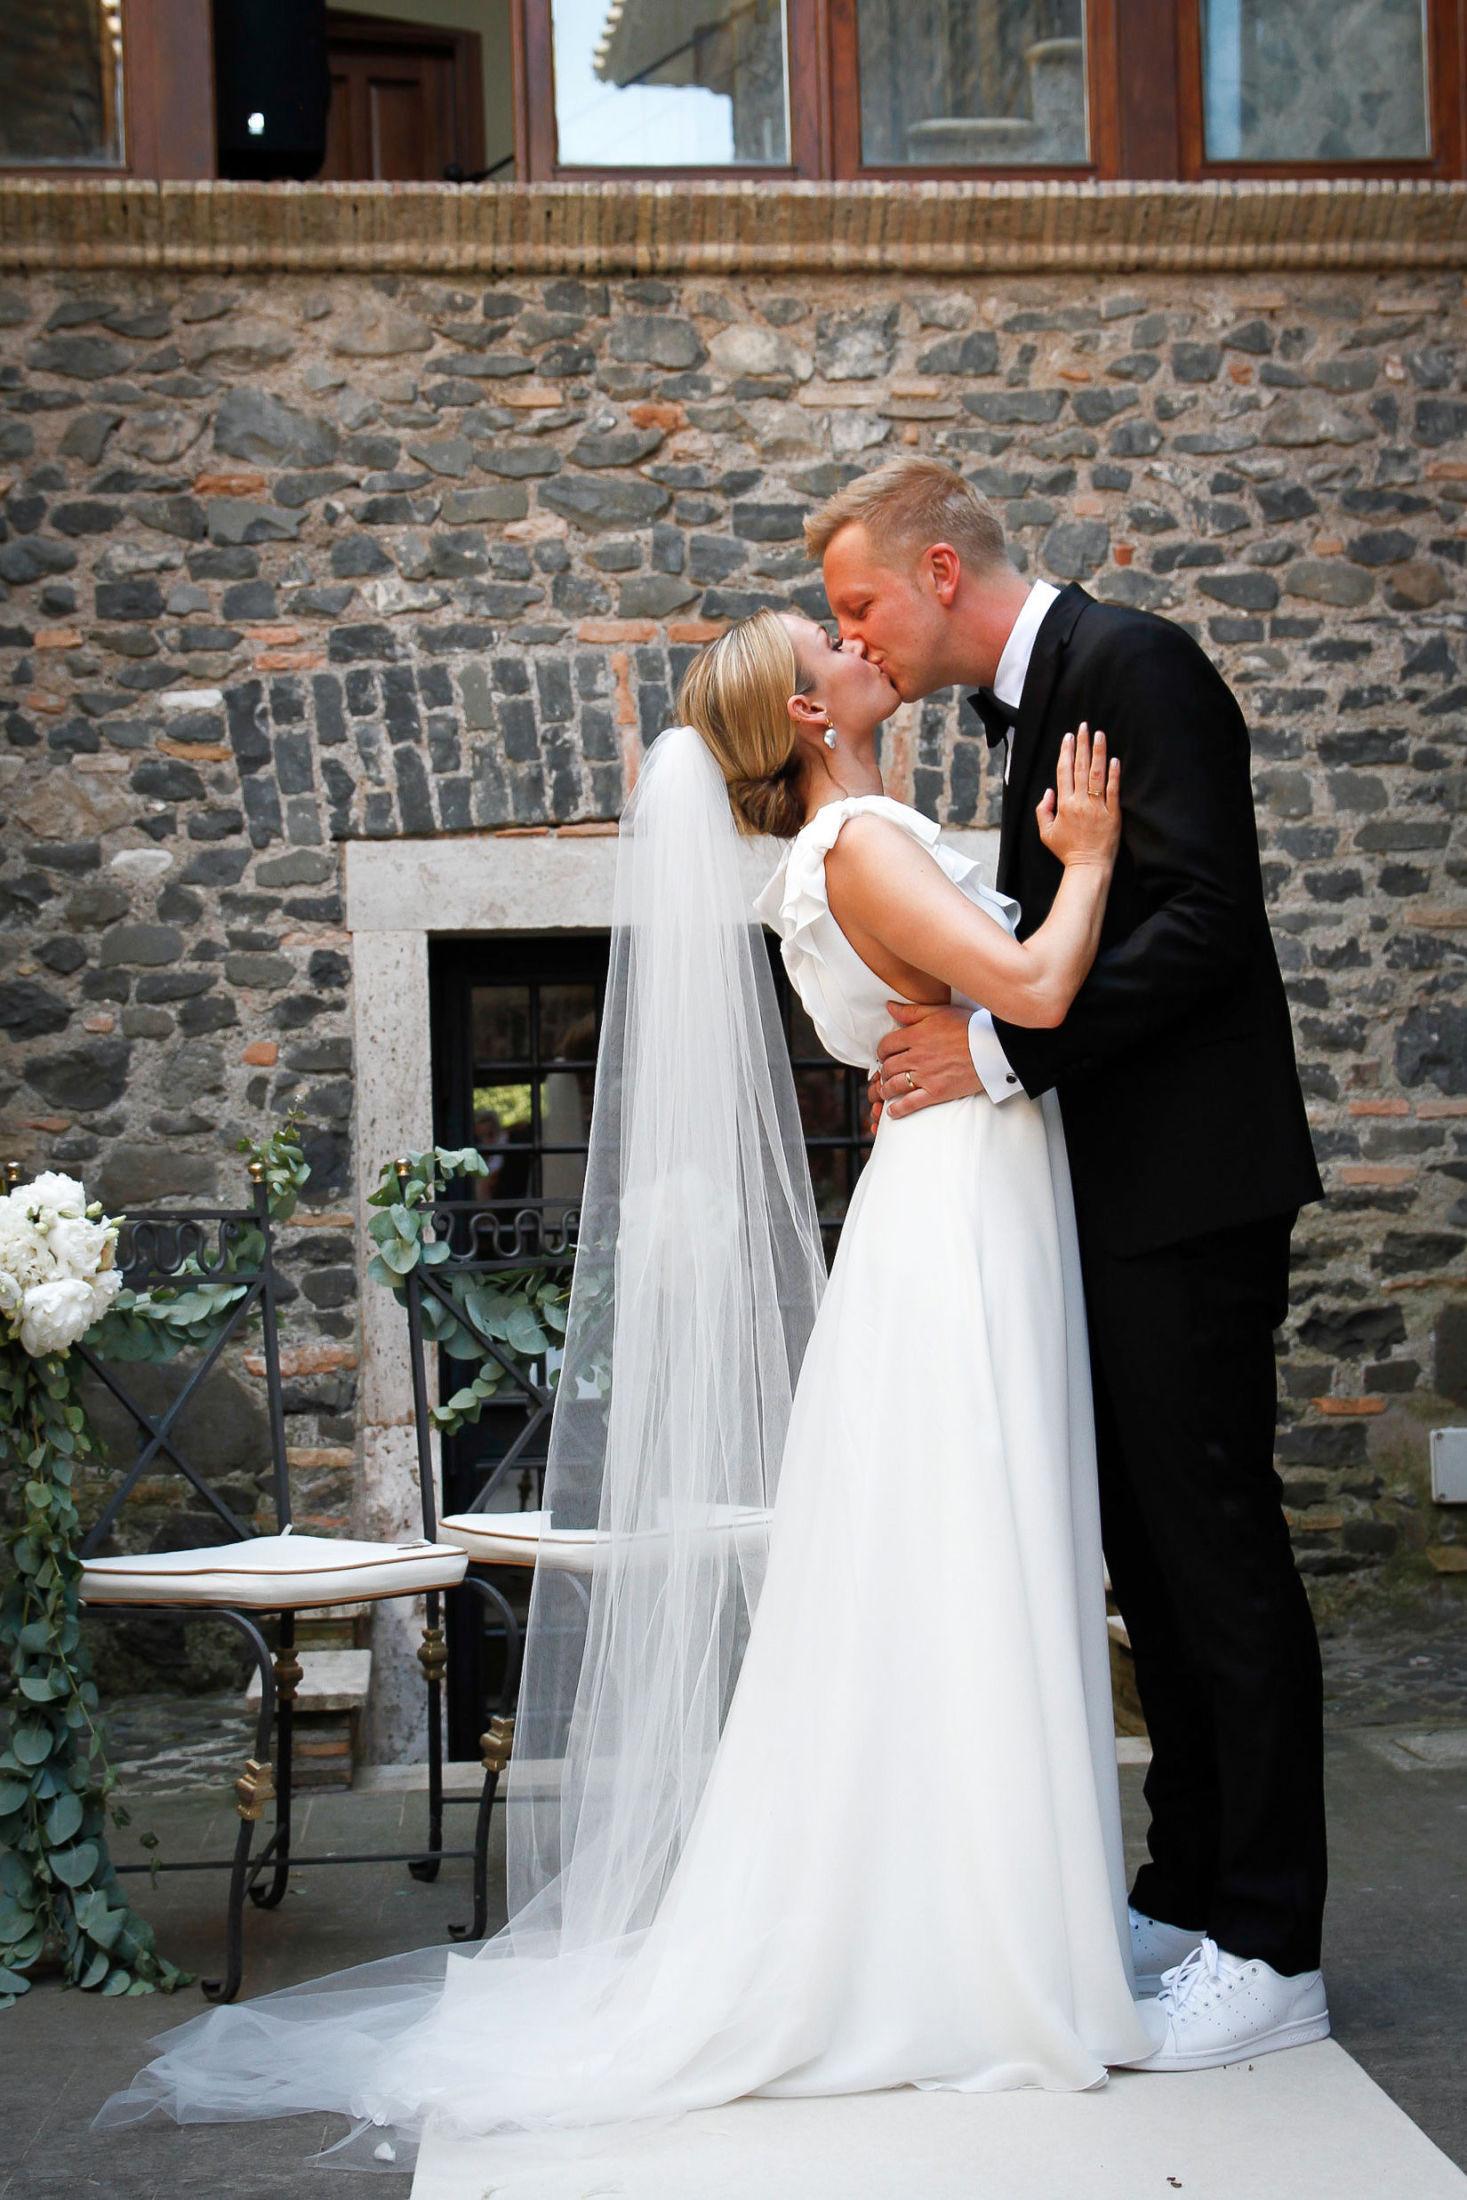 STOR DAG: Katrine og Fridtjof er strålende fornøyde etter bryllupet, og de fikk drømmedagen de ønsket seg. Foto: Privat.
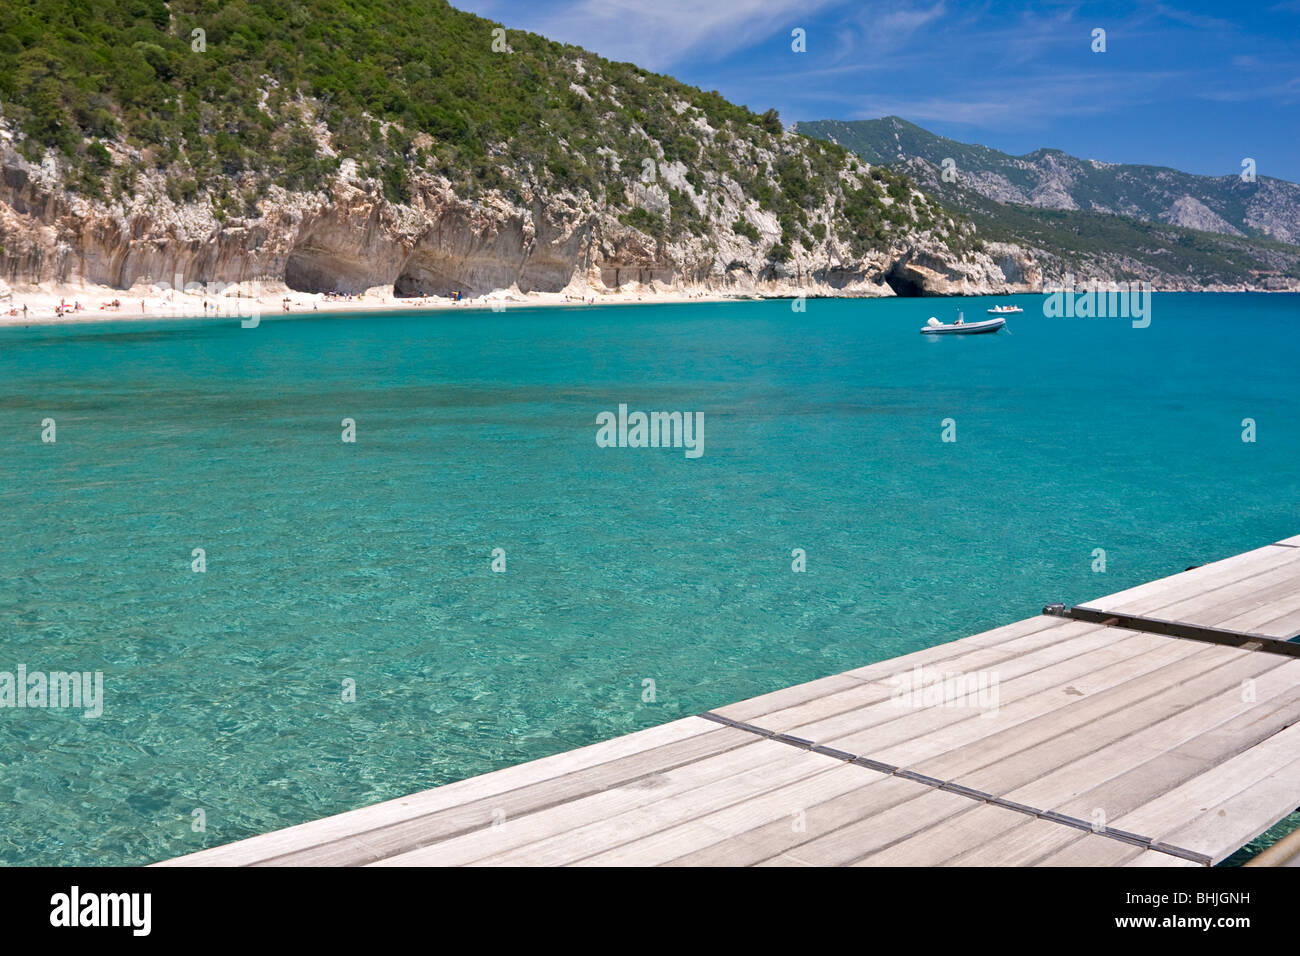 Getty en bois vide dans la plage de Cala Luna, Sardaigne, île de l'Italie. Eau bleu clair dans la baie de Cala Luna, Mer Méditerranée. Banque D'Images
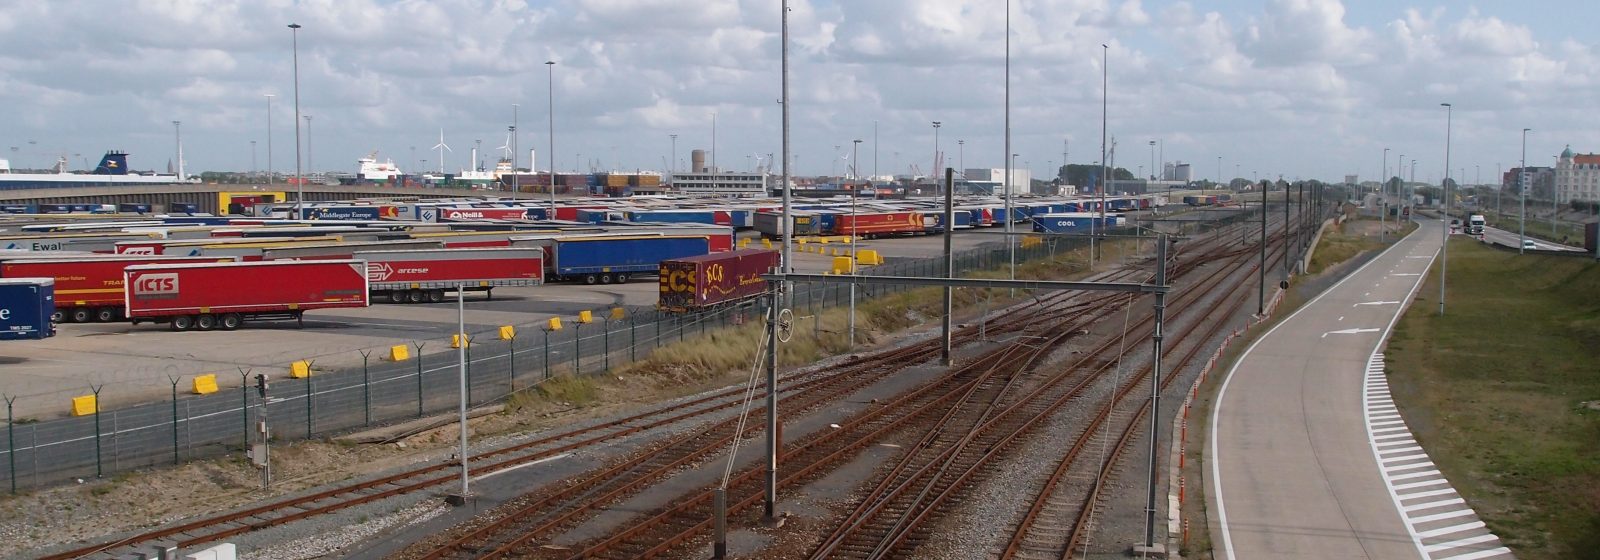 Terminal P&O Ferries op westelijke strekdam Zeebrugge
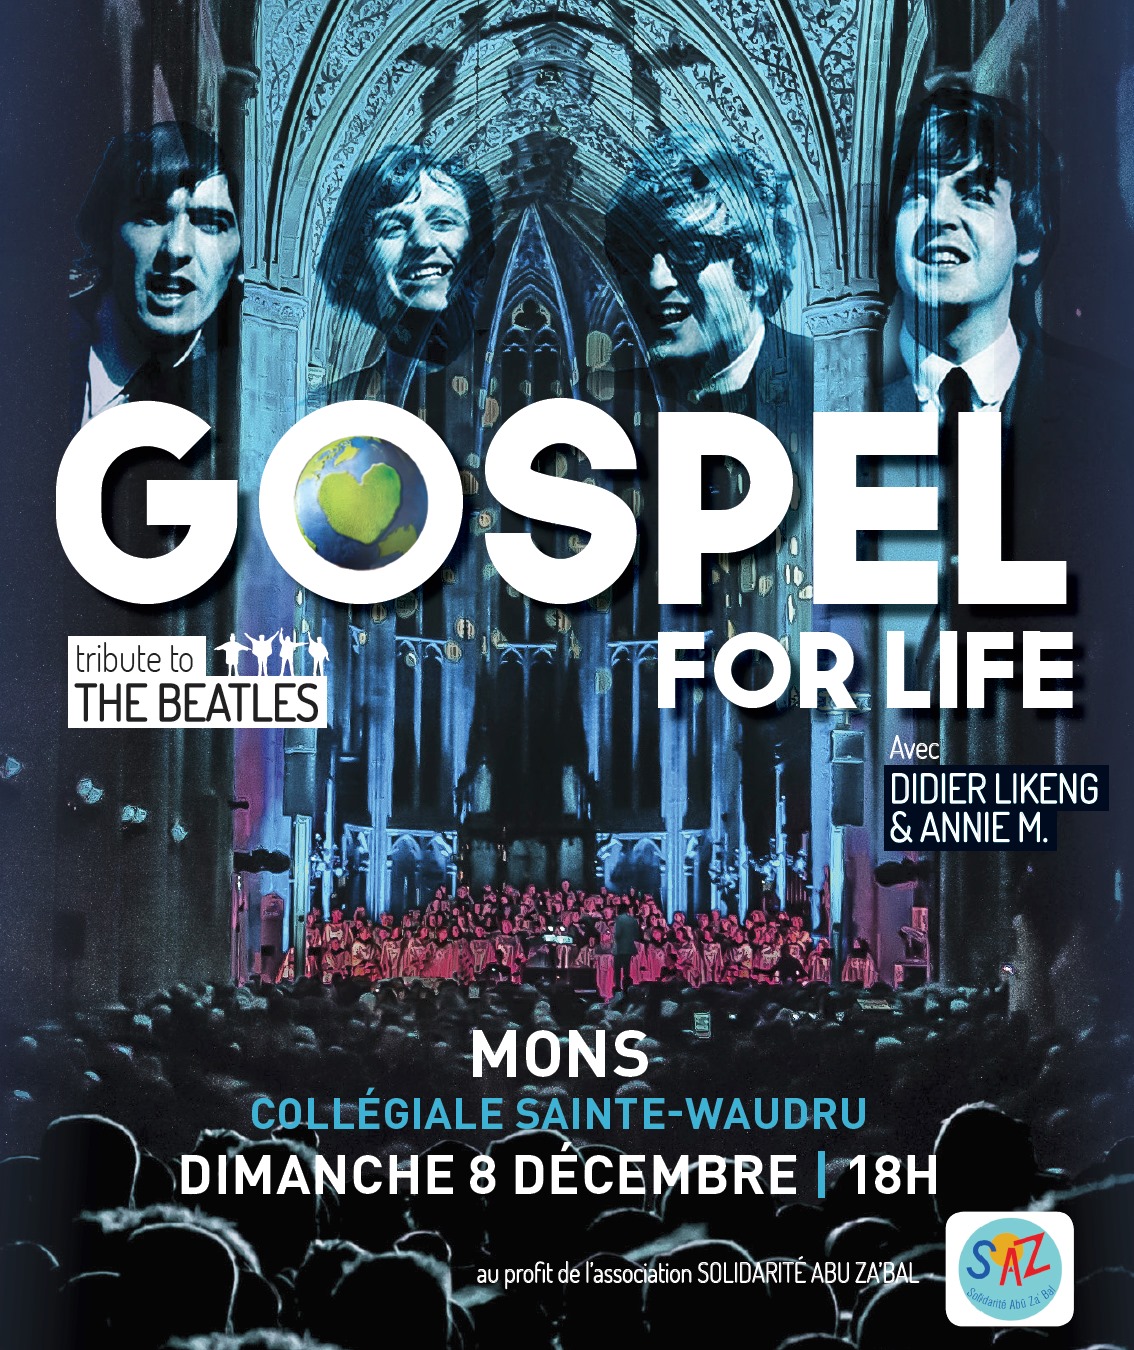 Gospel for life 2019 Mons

++++++

When you return the listing, keep each line exact and leave the pictures out.

## Written response
 STOR DAG: Katrine og Fridtjof er strålende fornøyde etter bryllupet, og de fikk drømmedagen de ønsket seg. Foto: Privat.
 Getty en bois vide dans la plage de Cala Luna, Sardaigne, île de l'Italie. Eau bleu clair dans la baie de Cala Luna, Mer Méditerranée. Banque D'Images
 Terminal P&O Ferries op westelijke strekdam Zeebrugge
 Gospel for life 2019 Mons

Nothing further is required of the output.